Work task:
Within the data that follows, set down exactly the lines from the one containing "phan-che-khuyet-diem-toc-the-face-shop-quick-hair-puff-7g-4" through the one containing "Настенный стеллаж - IKEA", both ends included.

=== Available data ===

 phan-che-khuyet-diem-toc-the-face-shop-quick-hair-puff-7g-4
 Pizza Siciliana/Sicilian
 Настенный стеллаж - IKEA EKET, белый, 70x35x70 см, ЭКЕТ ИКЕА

===
=== Available data ===

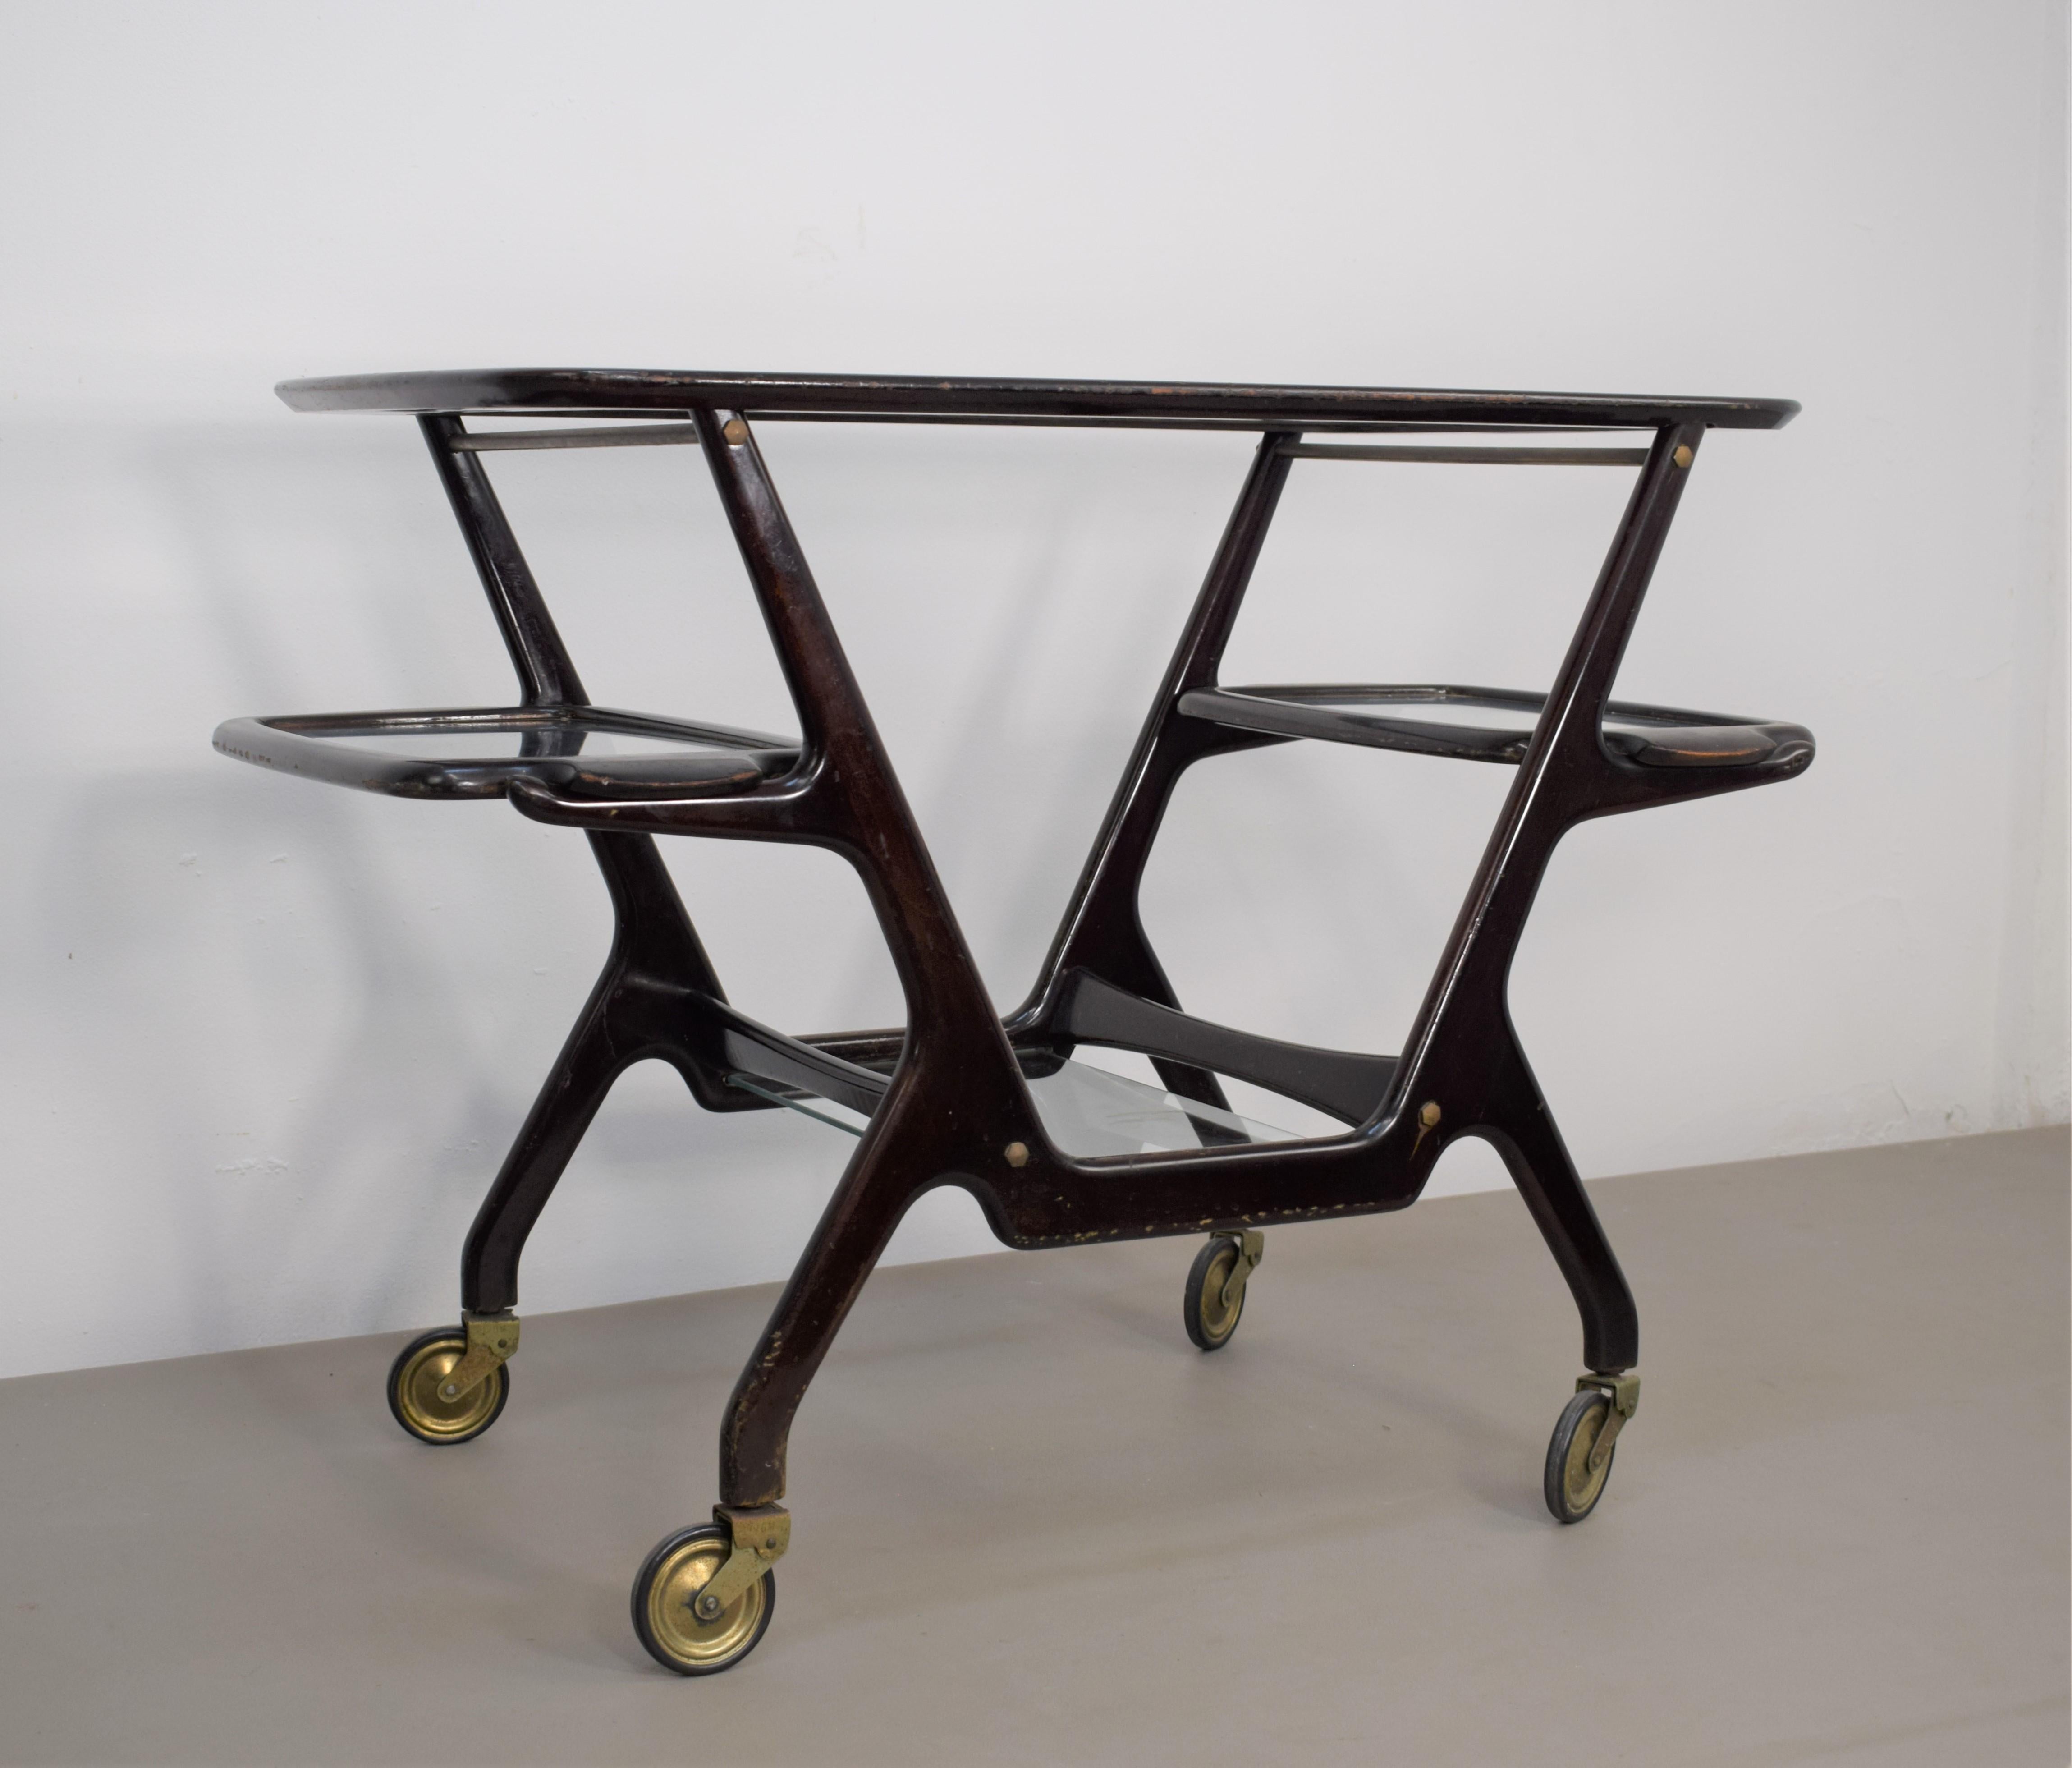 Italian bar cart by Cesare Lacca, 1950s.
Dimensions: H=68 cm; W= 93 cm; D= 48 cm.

===
=== Available data ===

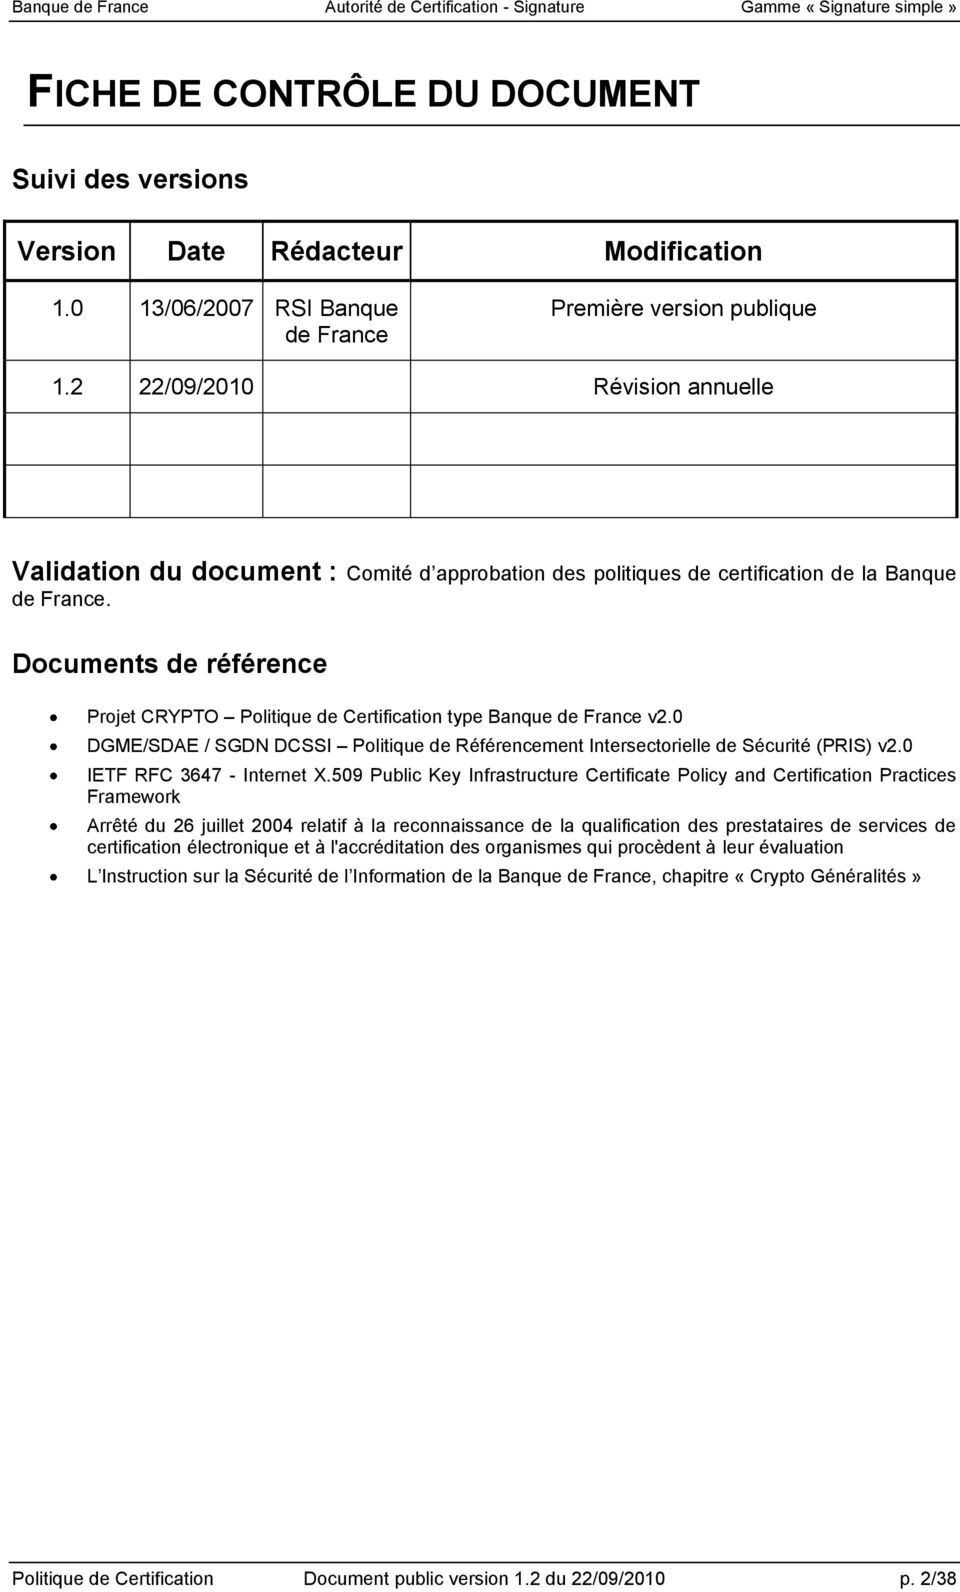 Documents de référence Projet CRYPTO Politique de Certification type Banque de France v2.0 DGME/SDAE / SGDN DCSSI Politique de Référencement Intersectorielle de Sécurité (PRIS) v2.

===

Answer to the exercise:
 phan-che-khuyet-diem-toc-the-face-shop-quick-hair-puff-7g-4
 Pizza Siciliana/Sicilian
 Настенный стеллаж - IKEA EKET, белый, 70x35x70 см, ЭКЕТ ИКЕА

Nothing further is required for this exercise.